A generative flow for conditional sampling via optimal transport
This work addresses conditional sampling, a fundamental task in Bayesian inference, with an incremental extension of existing data-driven methods.
The paper tackles the problem of sampling conditional distributions for Bayesian inference and density estimation by proposing a non-parametric generative model using block-triangular transport maps derived from optimal transport, and demonstrates it on a 2D example and a nonlinear ODE parameter inference problem.

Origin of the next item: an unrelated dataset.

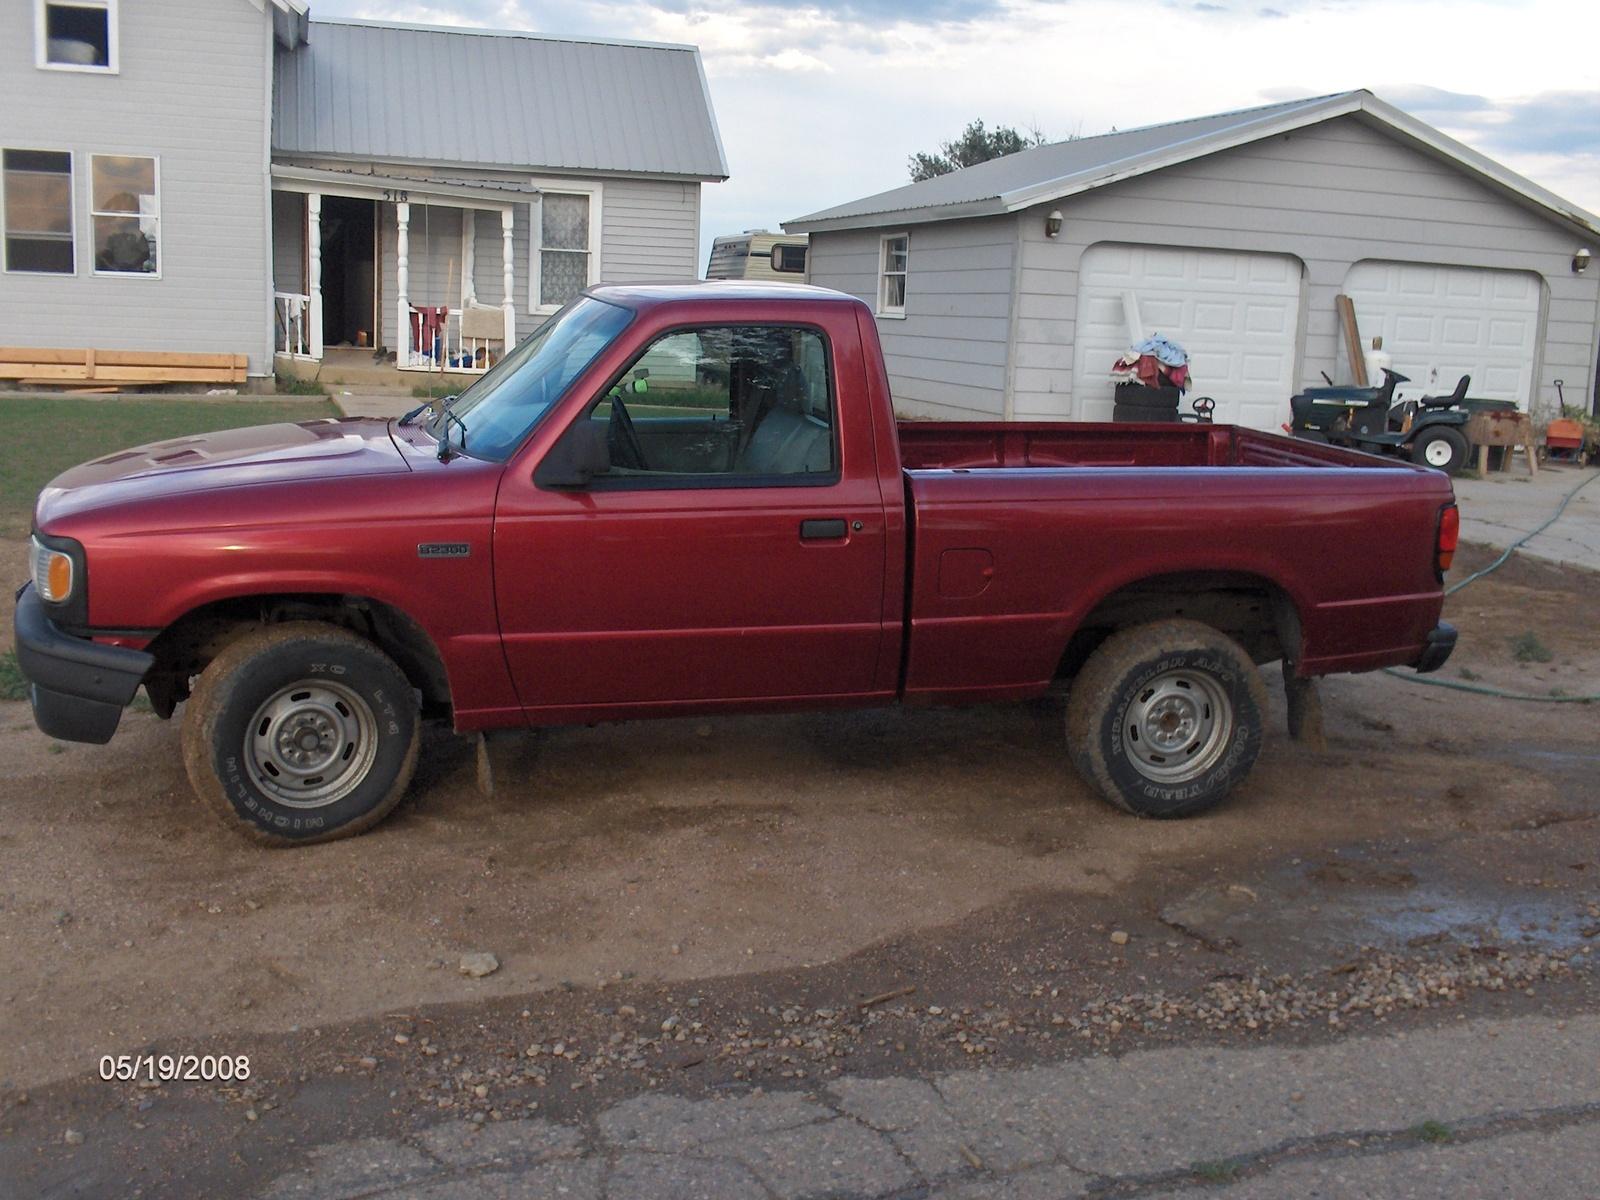 1997 mazda b series pickup information and photos zombiedrive 97 Mazda Models 1997 mazda b series pickup 8 mazda b series pickup 8
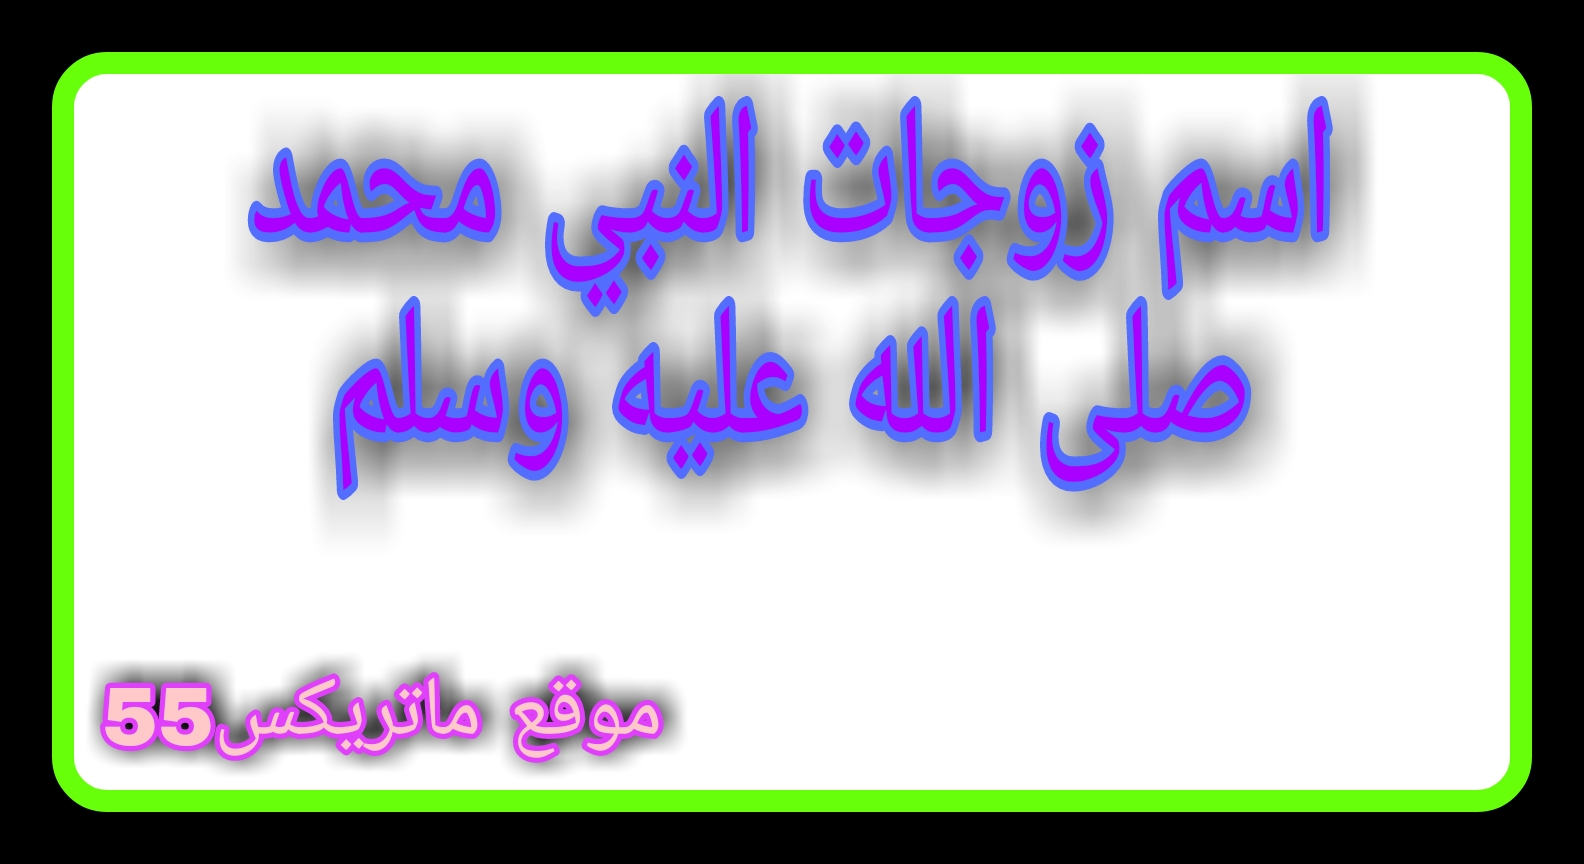 ما اسم زوجات النبي صلى الله عليه وسلم | لماذا تعددت زوجات الرسول صلى الله عليه وسلم

Sampling conditional distributions is a fundamental task for Bayesian inference and density estimation. Generative models, such as normalizing flows and generative adversarial networks, characterize conditional distributions by learning a transport map that pushes forward a simple reference (e.g., a standard Gaussian) to a target distribution. While these approaches successfully describe many non-Gaussian problems, their performance is often limited by parametric bias and the reliability of gradient-based (adversarial) optimizers to learn these transformations. This work proposes a non-parametric generative model that iteratively maps reference samples to the target. The model uses block-triangular transport maps, whose components are shown to characterize conditionals of the target distribution. These maps arise from solving an optimal transport problem with a weighted $L^2$ cost function, thereby extending the data-driven approach in [Trigila and Tabak, 2016] for conditional sampling. The proposed approach is demonstrated on a two dimensional example and on a parameter inference problem involving nonlinear ODEs.